Of course, when I say I “like” a reality-show family, I know I’m saying I like the TV version of them. Watching the Gosselins on Jon & Kate Plus Eight is increasingly exhausting. Kate has told Ladies’ Home Journal that doing the show is like “the family job,” and God, watching it these days feels like watching someone work—with Kate in the role of the taskmaster and passive-aggressive Jon dragging his feet and watching the clock. I wish they and TLC would simply give themselves a break, but with 4.6 million viewers for the season finale, that’s not going to happen. 

I’ve actually grown to like and admire the evangelical-Christian Duggars on 18 Kids and Counting, even though we have little culturally in common and they doubtless would believe that I am going to Hell. I see them like I see the Henricksons on Big Love (the Duggars would probably not take this as a compliment, but if you’ve read my Big Love Watches, you know I mean it as one). Through their homeschooling and avoidance of mainstream pop culture (if you don’t count their media appearances, and, well, their mainstream TV show), they’ve forged a family that’s supportive and functional on its own terms. But their family is too separate and finally hermetic to connect with my experience; I can admire them, but I can’t really identify with them. 

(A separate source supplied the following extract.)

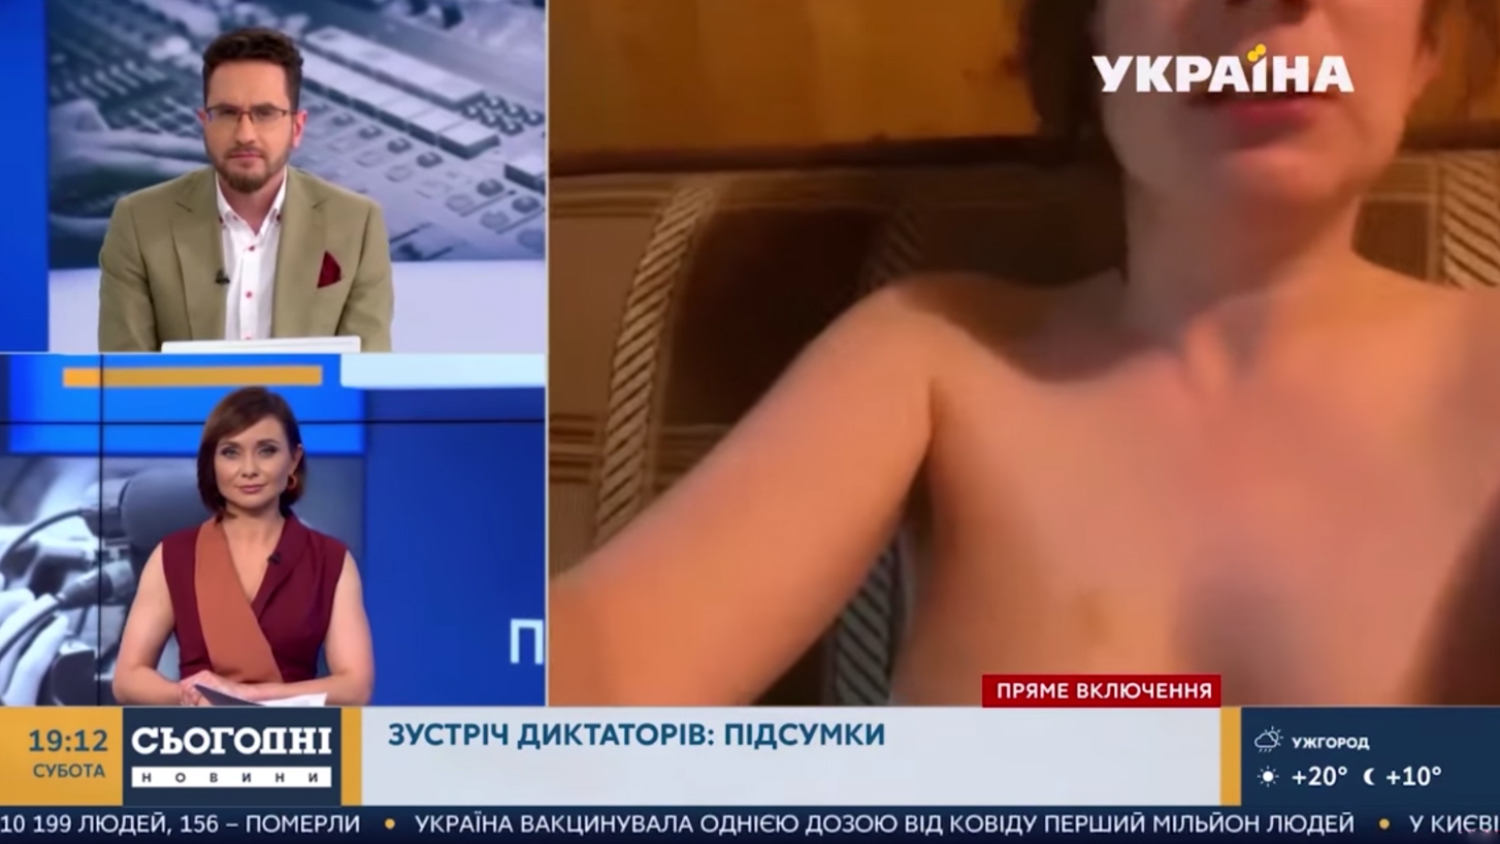 Голая женщина оказалась в прямом эфире украинского телеканала - Газета.Ru |  Новости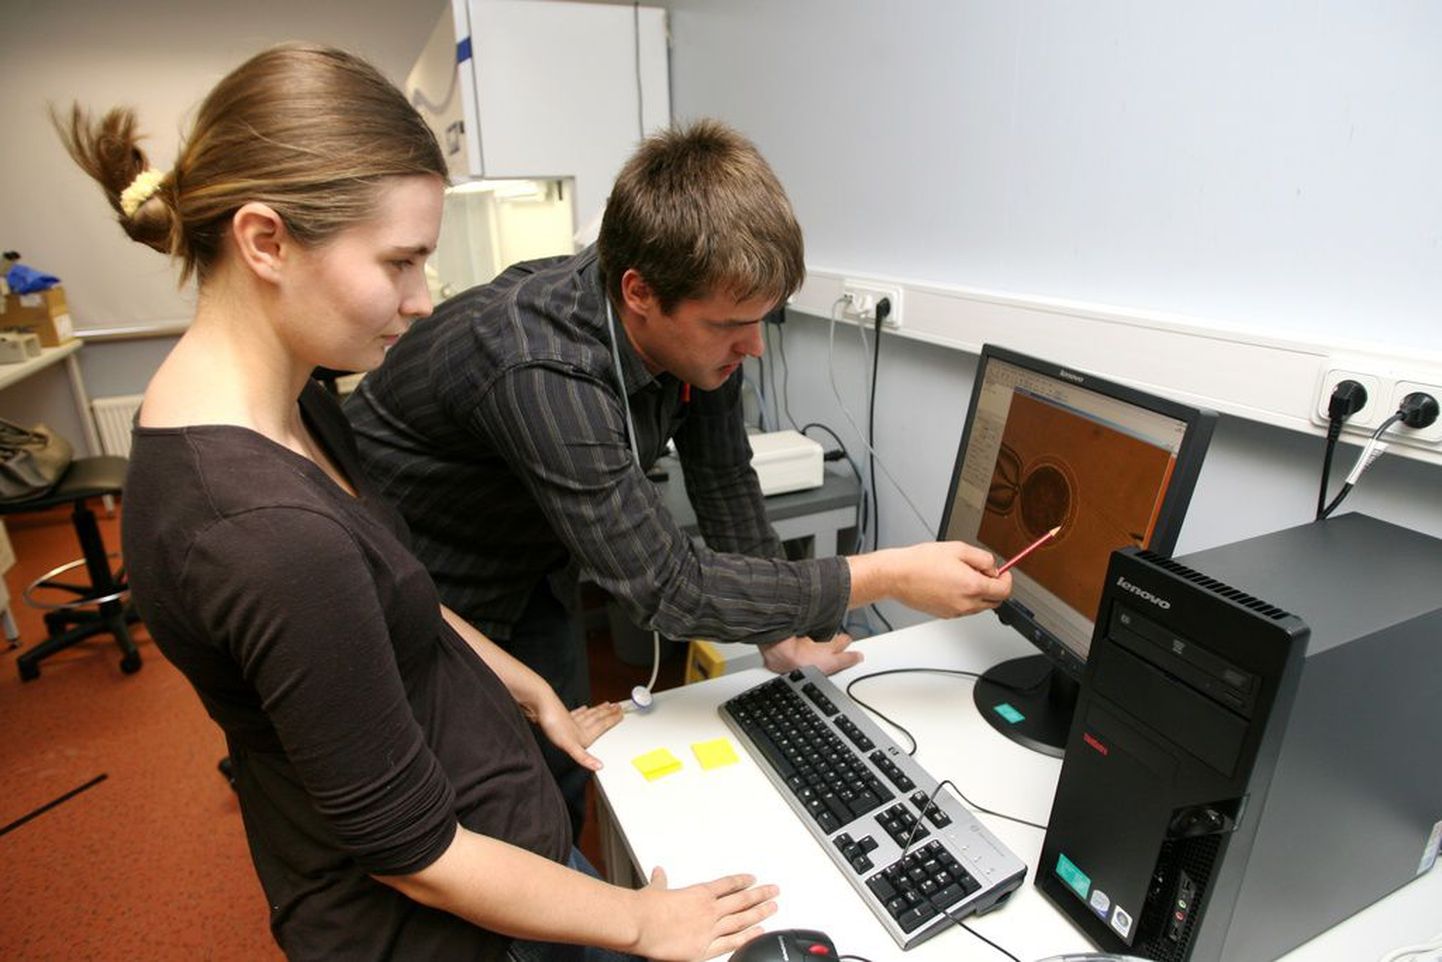 Tartu kahe ülikooli teadlased Mario Plaas ja Pille Pärn silmitsevad monitoriekraanilt 350-kordse suurendusega lehma munarakku, millest on just eemaldatud tuum.

But if the Gosselins are like a workplace and the Duggar family like a social project, I see the Hayeses on Table for 12 and just see a family. Betty and Eric seem down to Earth and good-humored, neither self-conscious about the cameras nor trying to make some larger point to the world. They’re just good-naturedly going through the experiences of middle-class parents, times ten (including one child with cerebral palsy)—getting the kids organized and trying to keep them from sneaking doughnuts before they’ve eaten dinner. They may be the least mediagenic of the TLC families, but they seem the most like families I actually know. 

Of course, maybe a season or two of basic-cable stardom will condition the normalcy out of them. Anyone else want to admit to watching?